物件の付加価値を
向上させる
スマートホームサービスを「自社ブランドで提供したい」と考えたとき、選択肢になるのがOEM(他社が開発したものを自社ブランドとして提供する手法)です。ゼロからアプリやプラットフォームを開発するのに比べ、コストと期間を大きく抑えながら、自社名義のスマートホームサービスを立ち上げられます。
本記事では、スマートホーム分野におけるOEMの考え方と提供パターン、メリット・注意点、実際にOEMやプラットフォーム提供に対応しているサービス例、導入までの流れとパートナー選定のチェックポイントまで、法人担当者が押さえておきたい観点を整理して解説します。
OEMとは「Original Equipment Manufacturing」の略で、他社が製造・開発したものを自社ブランドとして販売するビジネス手法を指します。もともとは製造業の用語ですが、近年はアプリやクラウドサービスなど、ソフトウェア領域でも同じ考え方が使われています。

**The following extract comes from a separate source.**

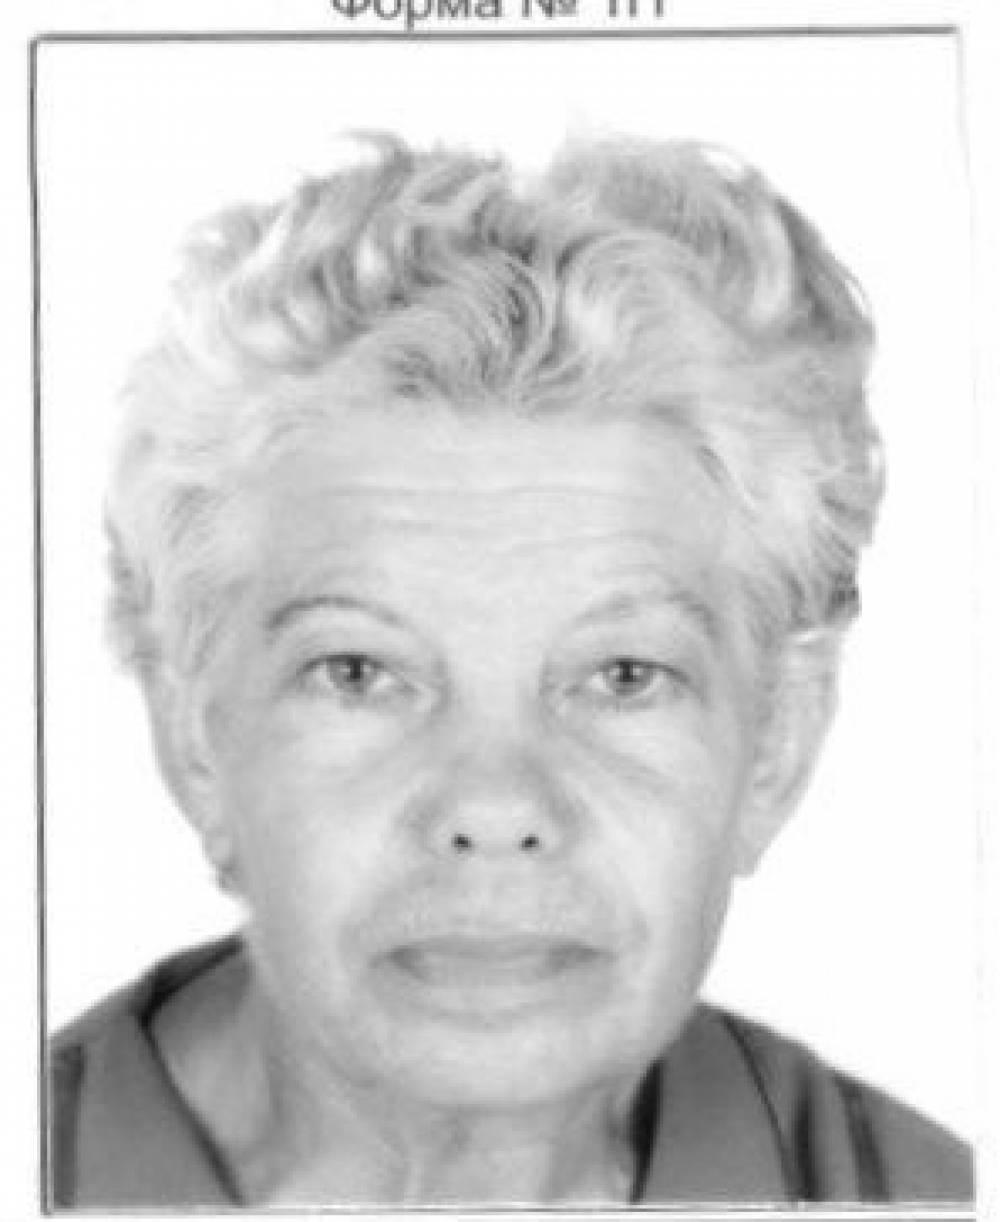 В Керчи разыскивают без вести пропавшую пенсионерку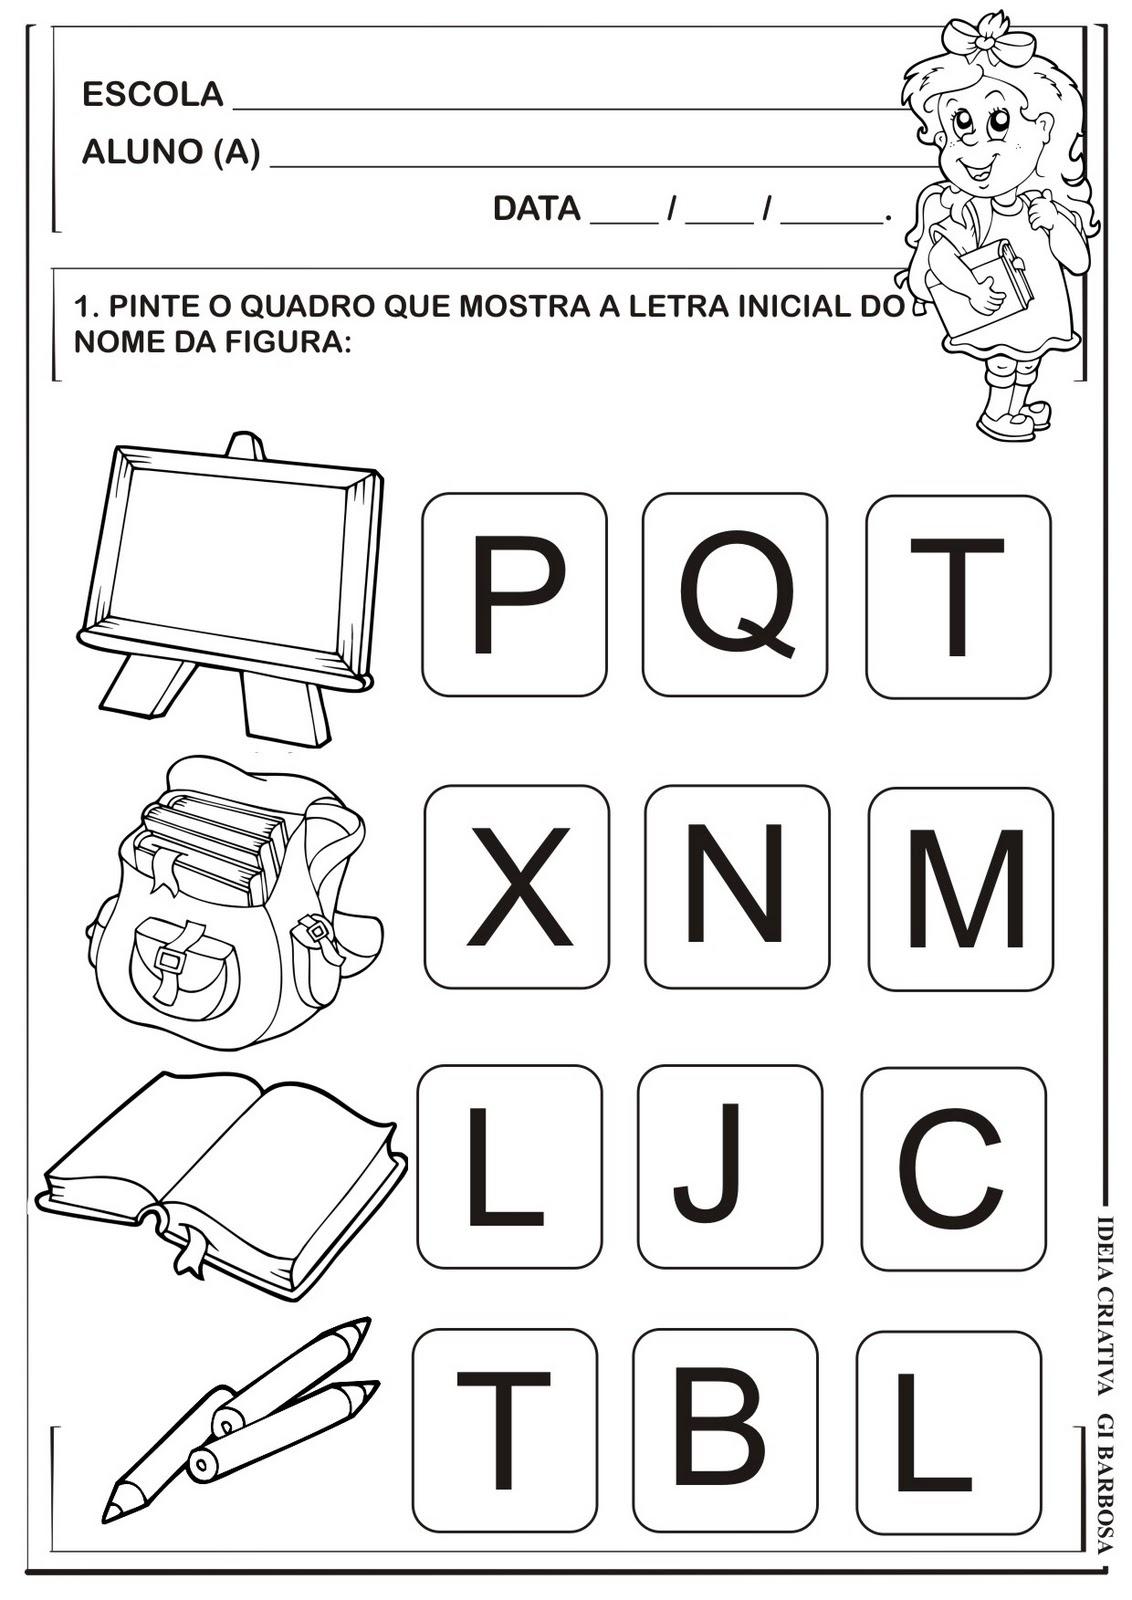 Conhecido Atividade Educação Infantil Letra Inicial Volta ás Aulas | Ideia  TR57

混同されやすい用語との違いを整理すると、次のようになります。
| 用語 | 意味・特徴 |
|---|---|
| OEM | 他社が製造・開発したものを、自社ブランドとして提供する手法。委託側が仕様の設計や技術指導に関与するケースを指すことが多い |
| ODM | 受託側が企画・設計から製造まで主体的に担う形態。委託側は仕様検討の負担が小さい反面、関与できる範囲は限られる |
| PB (プライベートブランド) |
OEM・ODMと同様の手法を、委託する側(ブランドを冠する側)の視点で呼ぶ言葉 |
| ホワイトラベル | ブランド名の入っていない完成品・完成サービスを調達し、自社名義を付けて提供する形態。SaaSやクラウドサービスで多く使われる |
実務上、スマートホーム分野ではこれらの言葉が厳密に区別されずに使われているのが実情です。問い合わせや商談の際は「どこまで自社仕様に変えられるのか」「開発はどちらが担うのか」を言葉の定義ではなく具体的な提供範囲で確認することが大切です。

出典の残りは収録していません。